Maybe this will help ........................
An ounce of prevention is worth a ton of treatment.
Benzene is among the 20 most widely used chemicals in the United States. It is used mainly as a starting material in making other chemicals, including plastics, lubricants, rubbers, dyes, detergents, drugs, and pesticides. In the past it was also commonly used as an industrial solvent (a substance that can dissolve or extract other substances) and as a gasoline additive, but these uses have been greatly reduced in recent decades.
Benzene is also a natural part of crude oil and gasoline (and therefore motor vehicle exhaust), as well as cigarette smoke.
Cigarette smoking and secondhand smoke are important sources of exposure to benzene.
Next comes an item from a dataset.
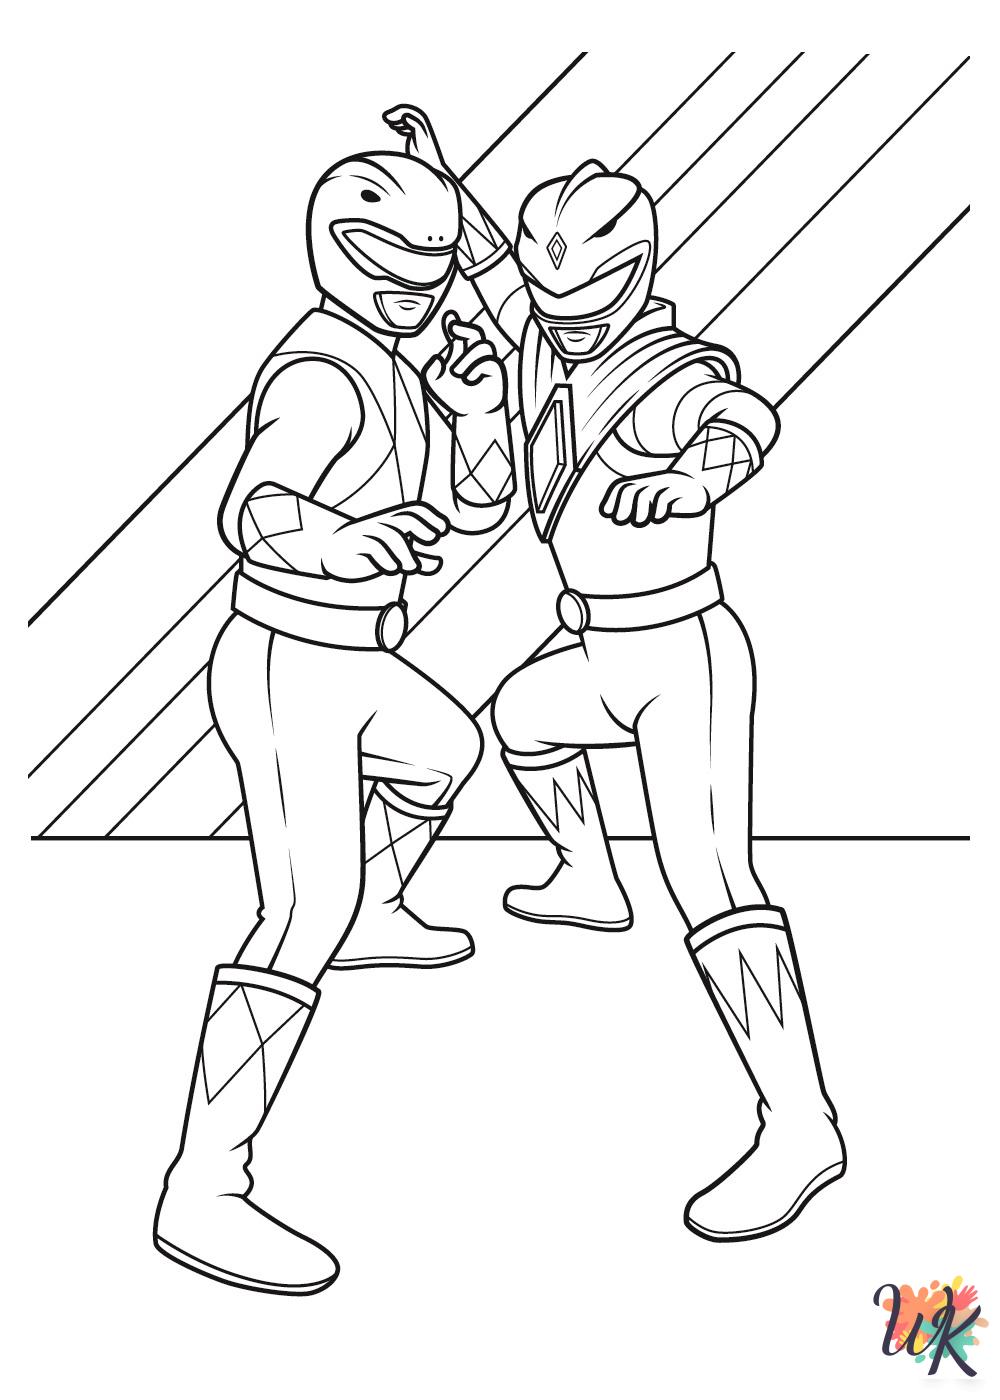 Power Rangers coloring pages free printable

Cigarette smoke accounts for about half of the exposure to benzene in the United States. Benzene levels in rooms containing tobacco smoke can be many times higher than normal.
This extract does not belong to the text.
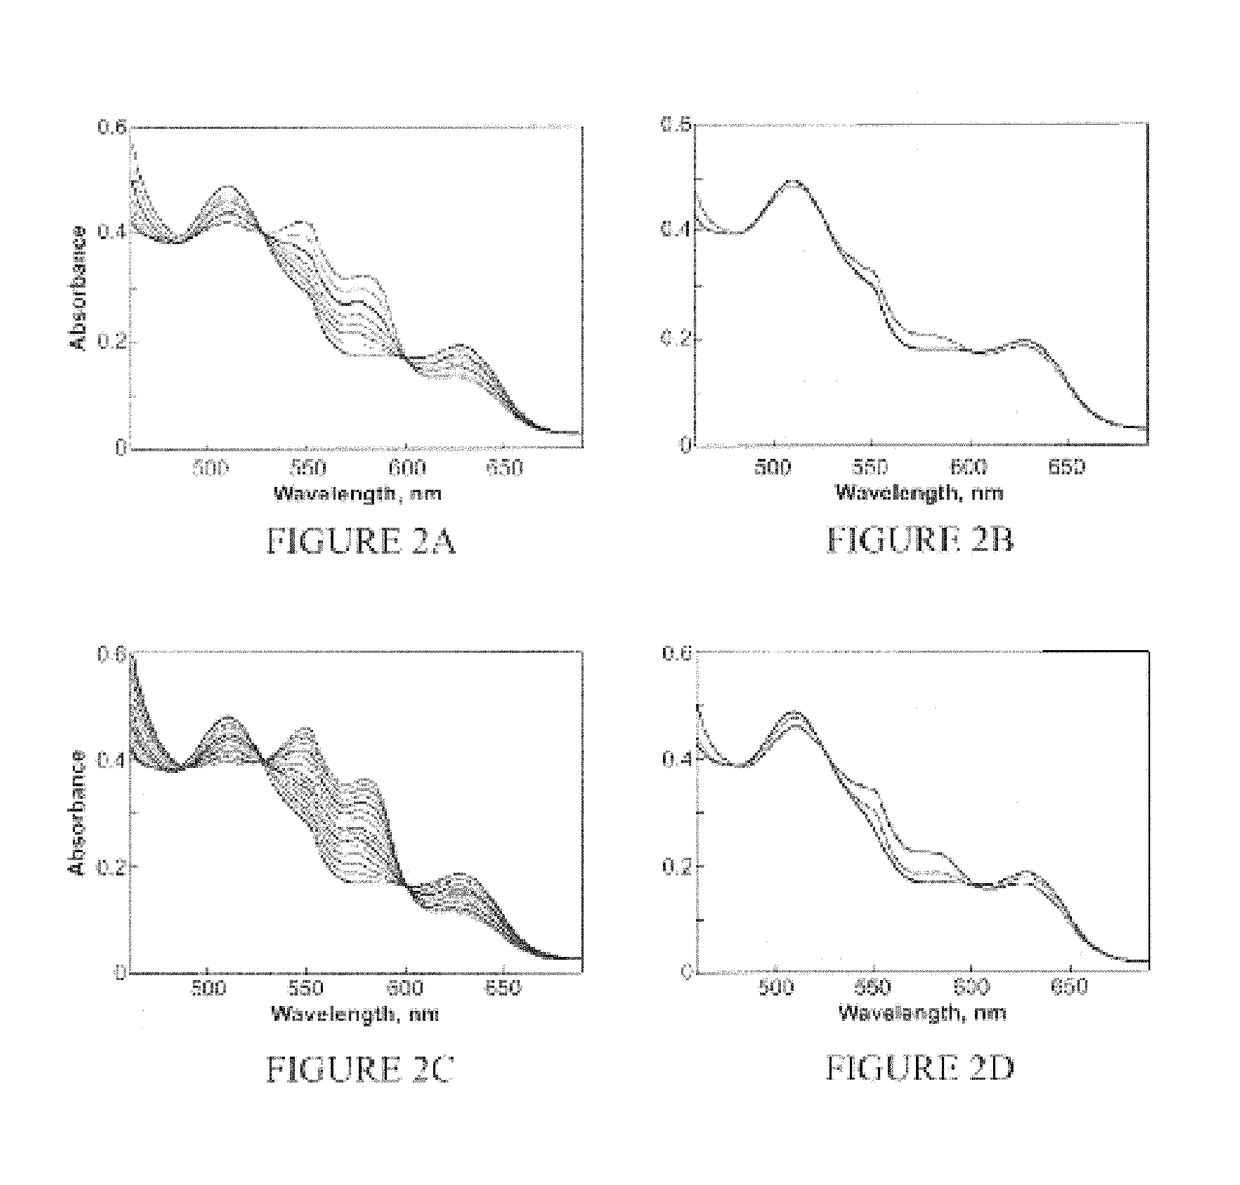 Compositions and methods of diazeniumdiolate-based prodrugs for treating cancer

............................ so although most of us are conditioned to associate smoking primarily with lung cancer, the benzene ring is a poison that has been linked to blood cancers.
Long-term (a year or more) exposure to benzene can produce changes in the blood. It decreases red blood cells and damages bone marrow. This puts people at risk for aplastic anemia and excessive bleeding.
Benzene is associated with an increased risk of leukemia, specifically, acute myeloid leukemia. There is concern that benzene may also contribute to acute and chronic lymphocytic leukemia, non-Hodgkin's lymphoma and multiple myeloma.
Benzene exposure can weaken the immune system because it also damages white blood cells. This puts people at risk for more infections.